As part of our work, we met with local Karamajong youth in their village. The village was dusty with round- thatched huts; small fires burned, cooking maize and sorghum. The Karamajong people are often exceptionally tall; the women wear plaid kilts with a plaid shuka draped over their shoulders. The youth demonstrated their traditional dancing and singing, their pride in their warrior heritage defiant and steadfast.
Far past the village, along the horizon, the lush Mount Moroto rose dramatically out of the flat landscape, its peaks shrouded by hazy mist. As we sat in a circle talking to the Karamajong youth, many of them former warriors, it was hard to believe that as recently as 2006, "civilians' walked the street, pistols sticking out of their belts... People often shot randomly in the air and nobody used to care." The violent cattle rustling accounted for 70 per cent of the deaths of men between the ages of 30 and 39. Even now, there remain sporadic outbreaks of violence.
But now, the youth face an uncertain future as they move away from violence and towards something more peaceful. And in the face of development, these traditional lifestyles will change. Already the landscape is being irrevocably altered as the youth embrace the latest high-stakes occupation: small-scale mining. The remoteness and wild west reputation of the area also present barriers to development. Prejudices over the Karamajong's tribal traditions and violence impede public support for economic and social development in the region. This only intensifies their marginalization. The Karamajong have a long way to go before they are seen as Ugandans, and see themselves as Ugandans.

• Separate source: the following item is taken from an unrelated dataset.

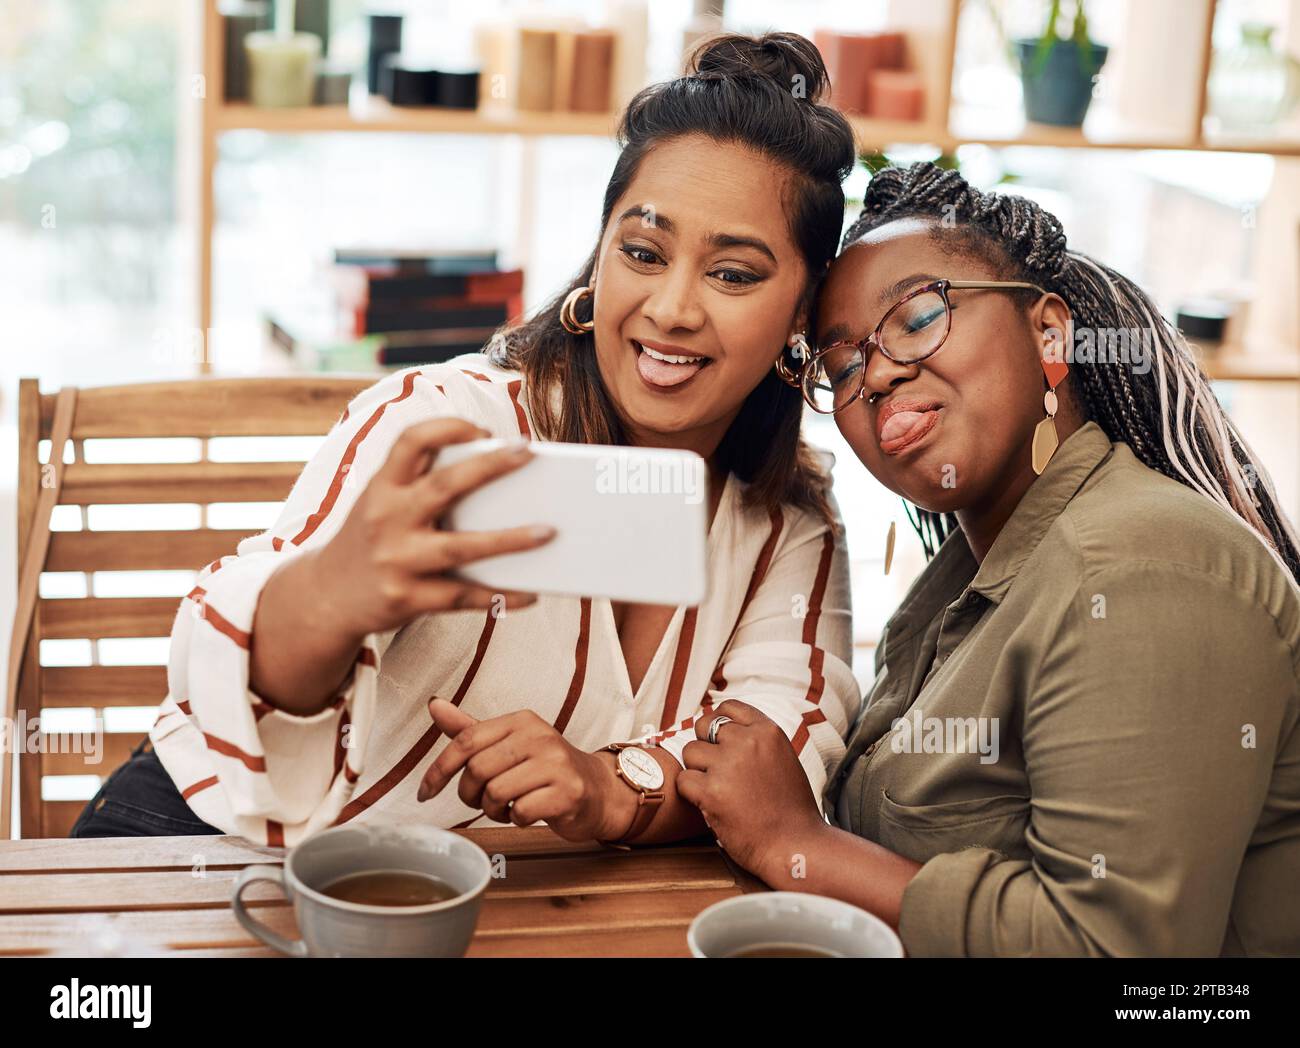 Ich fand meine Seelenverwandte in Dummheit. Zwei junge Frauen machen Selfies im Café Stockfoto

The power did eventually come back on, but it couldn't even begin to illuminate the wide expansive night sky. We may have been a few hundred kilometres from Kampala, but standing in this quiet town, under a star-lit canopy that has watched these warriors follow their cattle for hundreds of years, the fast paced modernity of Kampala, with its lights, casinos and never ending traffic, felt like a million miles away.